Netflix simplified its pricing structure so it was cheaper than many of its rivals. It abandoned Qwikster. It moved beyond DVD rental and movie streaming into original programming, with hit series like "House of Cards" and "Orange is the New Black." And it invested in infrastructure, so it could give great customer service.
Two years after its mistake, the company’s shares were trading at a record high and it had more than 30 million subscribers, beating HBO into the market-leader spot. The Netflix story brings the authors’ rebound theory to life and we think it’s a great fit, even if it’s already been widely quoted in business books.
There are a number of rebound strategies organizations can pursue, and the authors offer another alliterative list of options: tenacity, where you stick to your guns and hope you can persuade others you’re on the right track; tweak, which involves minor adjustments; turn, which is a more abrupt shift; turnabout, which is a fundamental change of direction; and throw in the towel, where you abandon your strategy, or pull the plug on your product or service.

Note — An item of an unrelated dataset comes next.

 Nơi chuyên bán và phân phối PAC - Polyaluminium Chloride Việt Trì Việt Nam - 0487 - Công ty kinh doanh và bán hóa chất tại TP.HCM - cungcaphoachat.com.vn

This list may sound simplistic, but the authors accept they’re not able to cover all the options in depth – they just want to give a flavor of the kinds of choices you might face. They do this well, giving readers food for thought.
Danner and Coopersmith set out to write something that would stand out from other books on failure, offering practical tools to help organizations harness insights from mistakes to innovate and grow.
They promised not to use the standard Silicon Valley mantra of "fail fast, fail often," nor to simply tell readers to learn from their failures. They don’t quite achieve this. They do talk of failing fast and often, and of learning from failures, albeit using different words. And they include some of the same case studies and anecdotes other business writers have used. That’s why we don’t think "The Other "F" Word" is as unique throughout as the authors suggest.
But it does have some really useful, practical tools, particularly the Failure Value Cycle. It’s also thoroughly researched, and includes a huge range of candid, insightful interviews with prominent business leaders.
So if you want to confront your fear of failure and make failure work for you or your organization, we think this book is a great place to start.
"The Other "F" Word," by John Danner and Mark Coopersmith, is published by John Wiley & Sons, Inc.
That’s the end of this episode of Book Insights. Thanks for listening.